Au moins dix-sept civils ont été tués mardi 19 mai dernier d’une attaque attribuée aux rebelles des ADF dans le village d’Alima, situé en territoire de Mambasa, dans la province de l’Ituri. L’information a été rapportée par des sources de la société civile locale, qui évoquent également la présence de victimes issues de la communauté pygmée.
Selon des témoignages recueillis sur place, des hommes armés auraient été aperçus aux environs du village vers 11 heures locales. Deux personnes auraient été tuées avant même l’incursion dans le centre d’Alima, malgré les alertes lancées auprès des services de sécurité.

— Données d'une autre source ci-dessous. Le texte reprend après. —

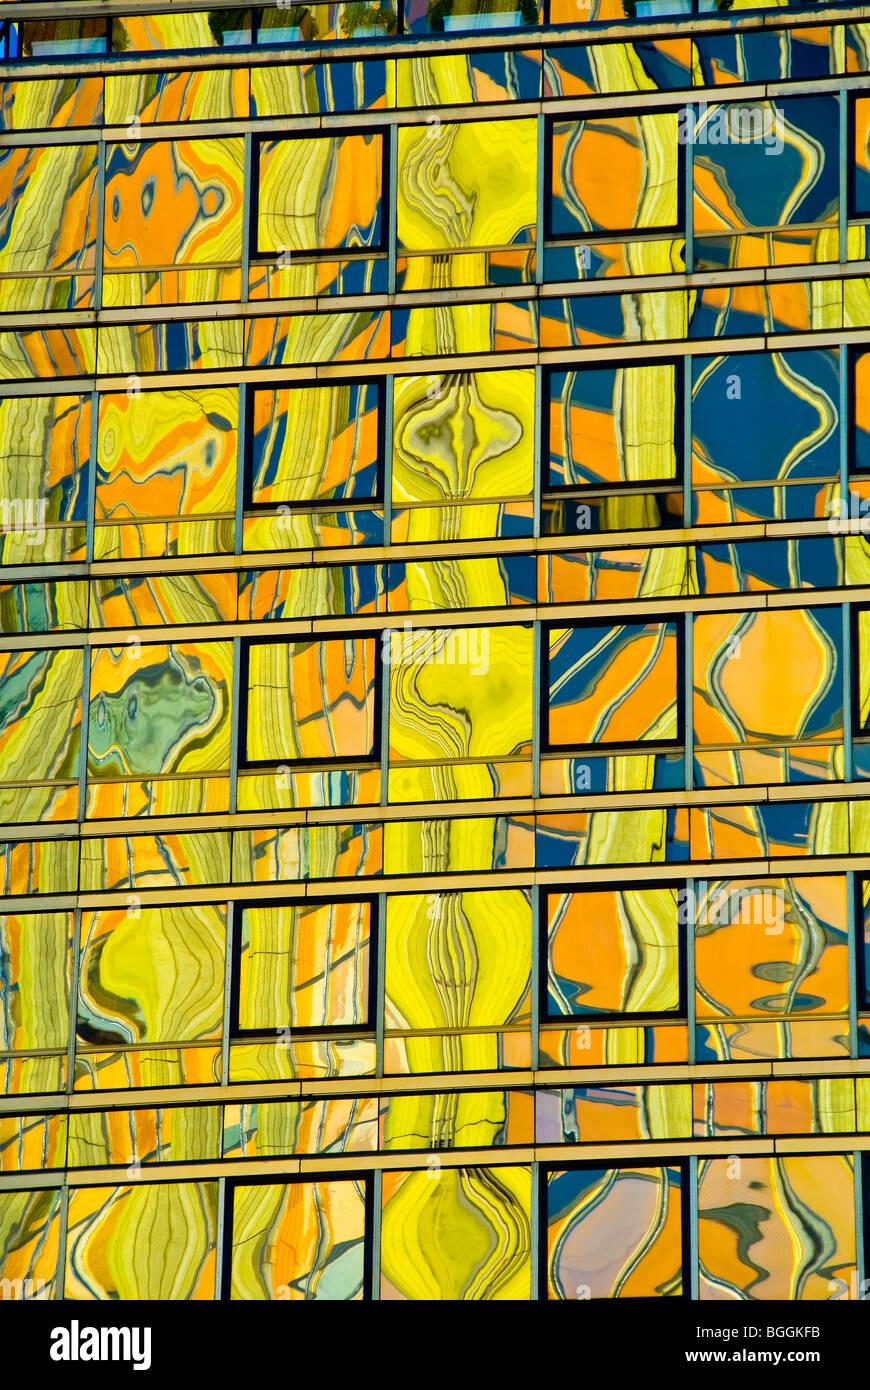 Farbige Reflexe in der Glasoberfläche eines Hochhauses in Buenos Aires, Argentinien Stockbild

Les assaillants auraient ensuite semé la terreur dans le village, incendiant un hôtel, plusieurs kiosques ainsi que des motos.
Des animaux domestiques, notamment des chèvres, auraient également été emportés. Plusieurs habitants restent introuvables après l’attaque, tandis que certaines localités touchées demeurent difficilement accessibles.
Le lendemain, mercredi 20 mai, les mêmes combattants auraient poursuivi leur avancée vers le village de Manyama, où deux autres civils auraient été tués et plusieurs habitations incendiées. Des cas de prises d’otages ont également été signalés par des sources locales.
Face à la recrudescence des violences dans cette partie du territoire de Mambasa, des acteurs de la société civile appellent les autorités militaires à renforcer urgemment les dispositifs sécuritaires dans les villages menacés par les ADF.
Joint à ce sujet, l’administrateur du territoire de Mambasa a indiqué qu’il s’exprimerait ultérieurement sur cette situation sécuritaire préoccupante.